And there was a movement at the time I was at McGill to turn it into a French university to serve the working class. So it was a combination of French nationalism and essentially communism of some sort. The reason it affected me was this, there were large demonstrations, it was called McGill français, it was sort of the rubric, there were other demonstrations over other issues, but the ones that actually happened on campus were over this.
And I remember at the tender age of – I went to college at 16, so I was probably 18, and a junior – and there was a giant demonstration to liberate McGill, and at the head of it arm in arm was the most radical Communist professor at McGill, a guy called Stanley Gray, arm in arm with a guy whose name I forget, the leader of the French radical nationalist, essentially a fascist party.

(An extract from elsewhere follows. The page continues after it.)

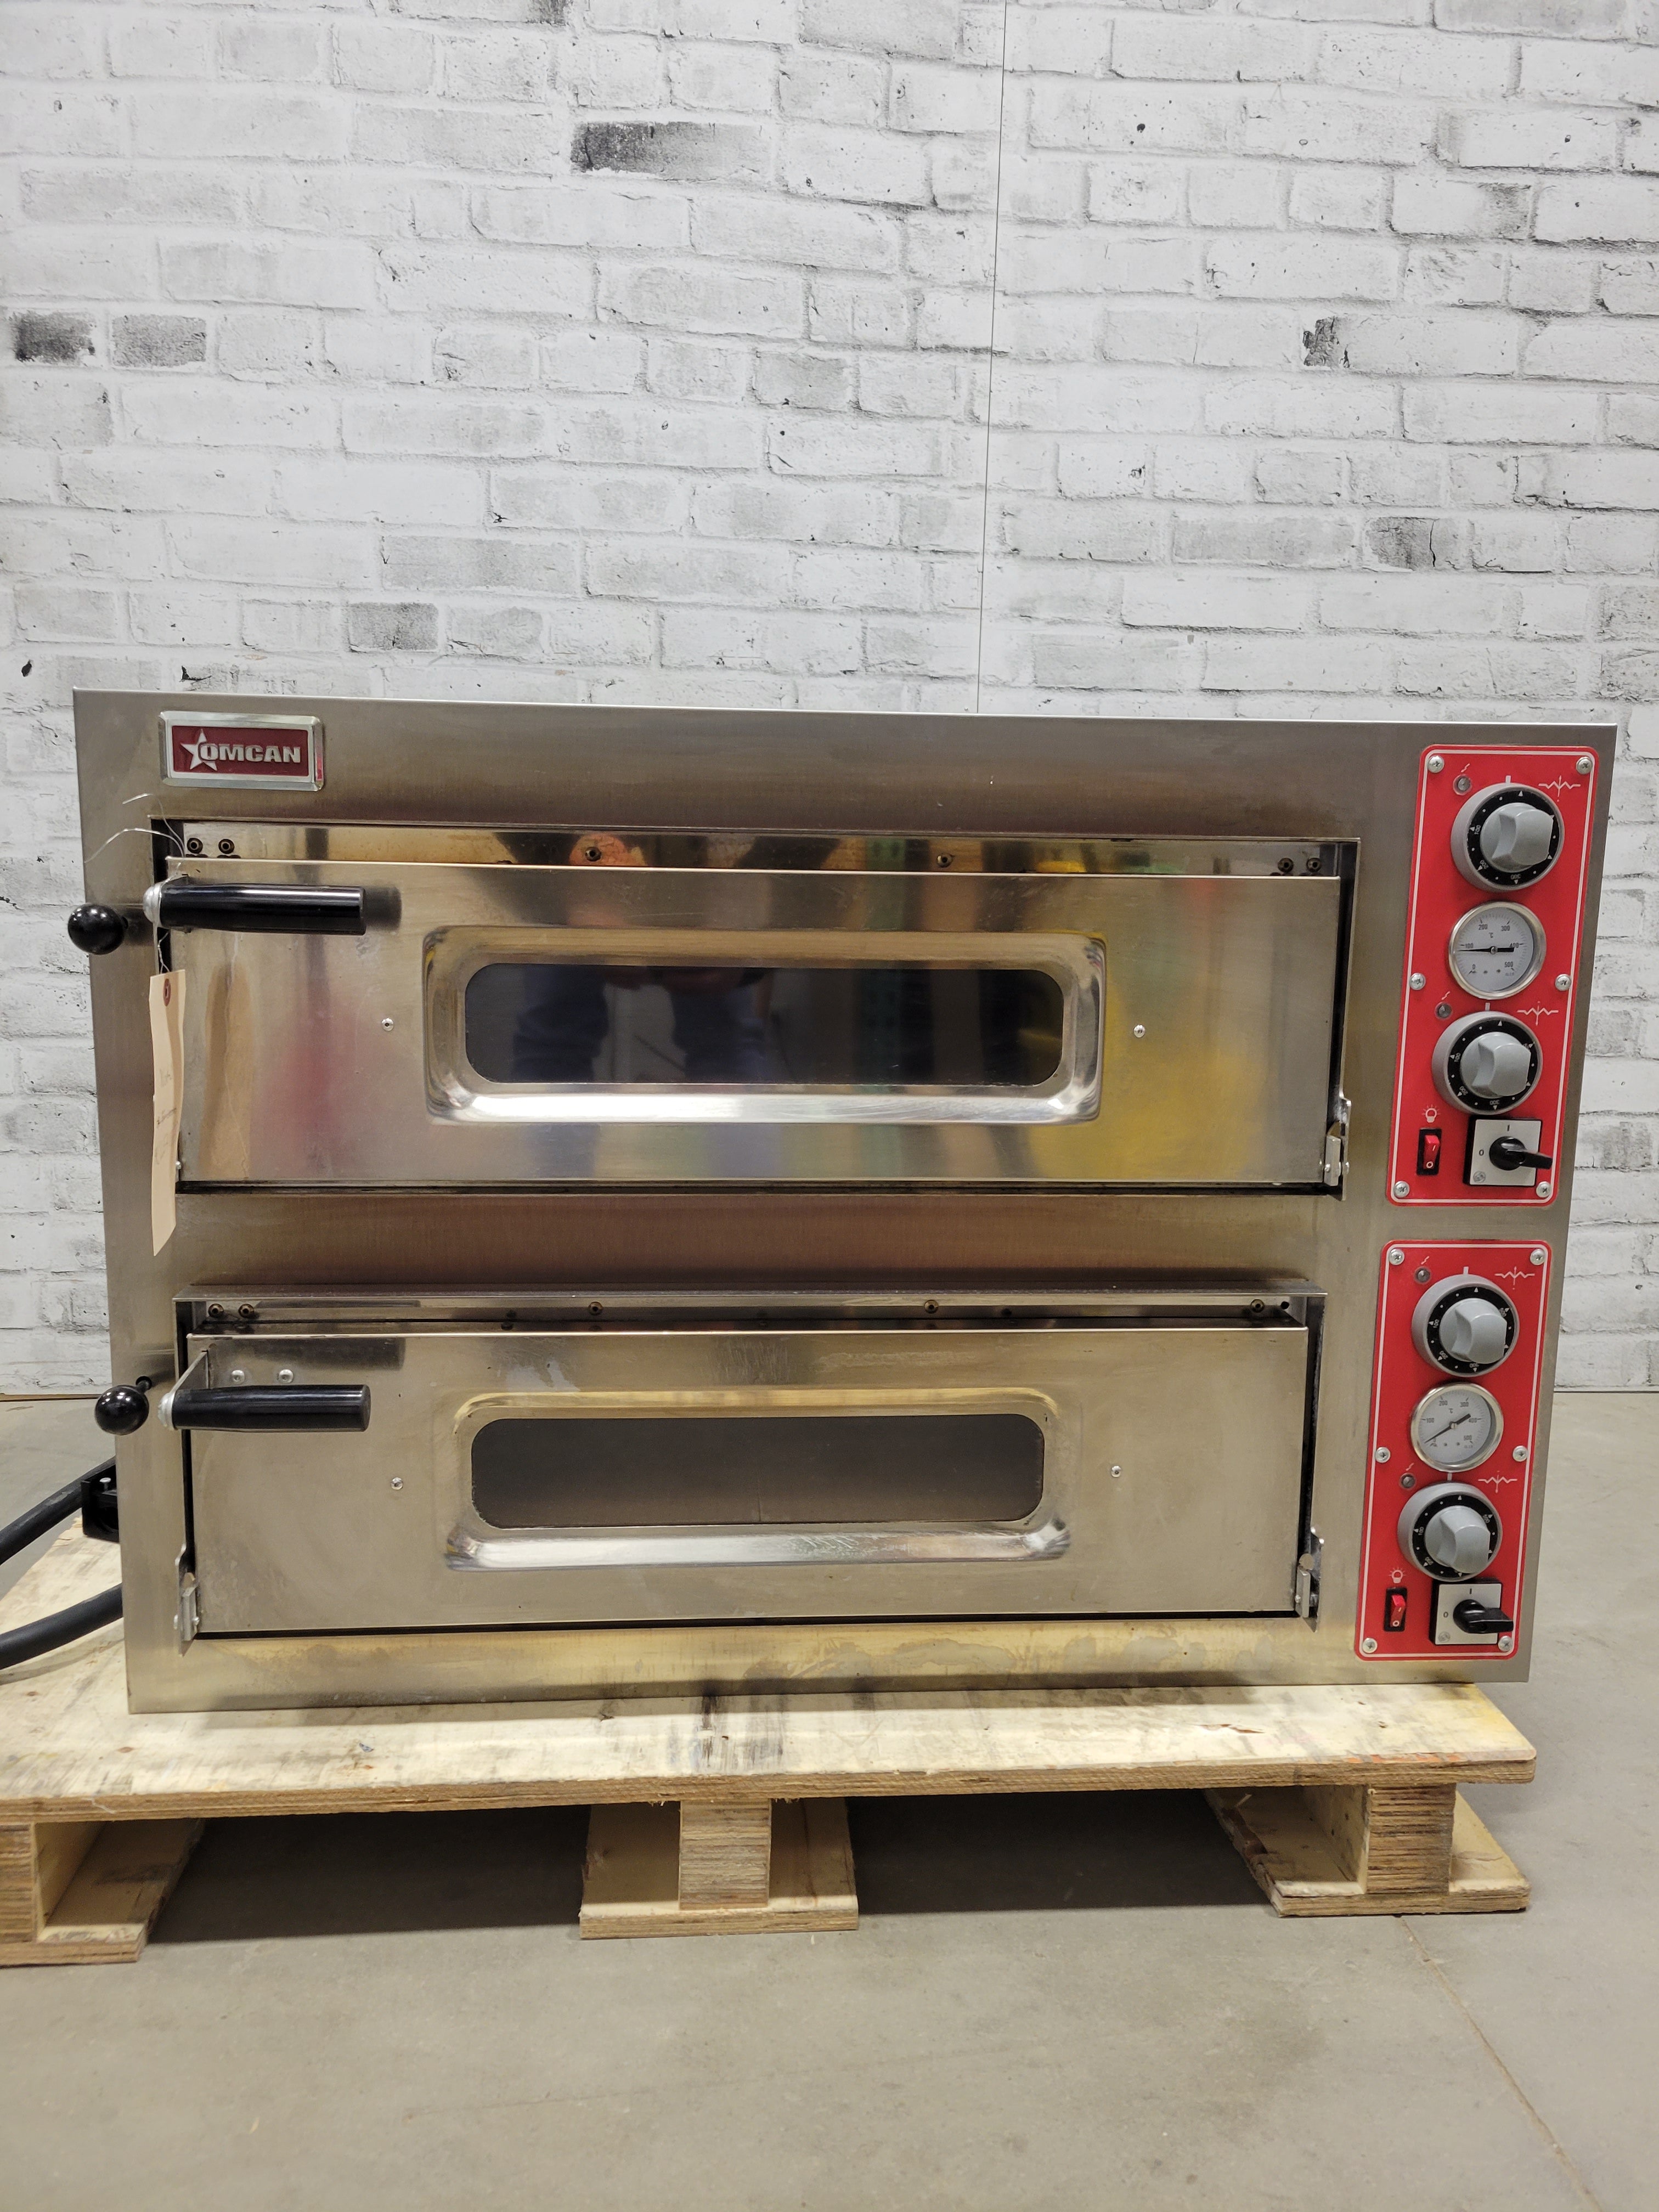 Thumbnail - Omcan Double Chamber Pizza Oven Entry PE-IT-0038-D/Max 8 Series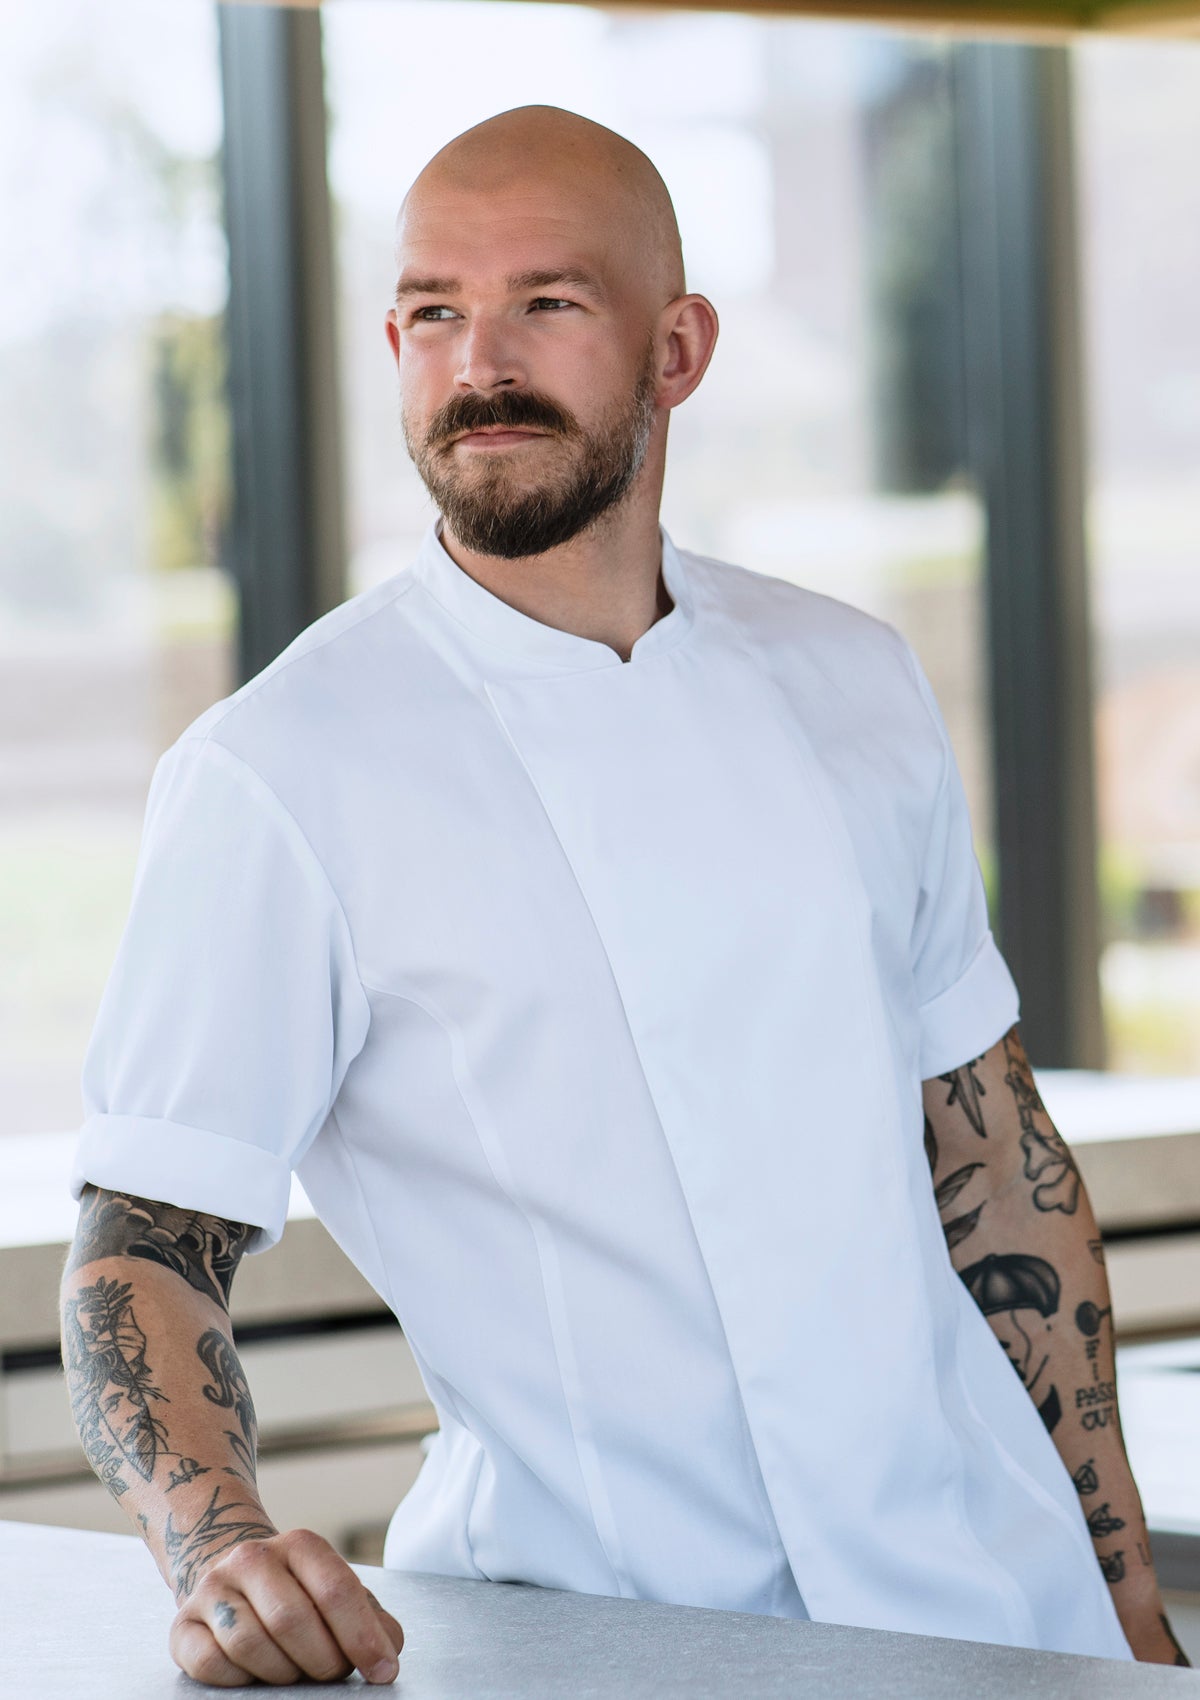 Chef Jacket With Stretch Panels Short-Sleeves Unisex

Extremely anti-immigrant, they didn’t want anybody to come in because they wanted only French immigrants. They were marching arm in arm. Now, normally it takes till middle age to realize that Left and Right are essentially at the extremes, the equivalent, totalitarian, they have different words for them. You know that nationalism, extreme nationalist, extreme socialism they don’t just meet in Berlin in 1933, they can meet at McGill in 1968, or whatever that was.
So I became very acutely aware of the dangers, the hypocrisies, and sort of the extremism of the political extremes. And it cleansed me very early in my political evolution of any romanticism. I detested the extreme Left and extreme Right, and found myself somewhere in the middle. Now, McGill in the 60s was pretty radical, I got involved with student politics, and a bunch of us who were in the middle overthrew the editorship of the newspaper The McGill Daily, which had fallen into the hands of Maoists.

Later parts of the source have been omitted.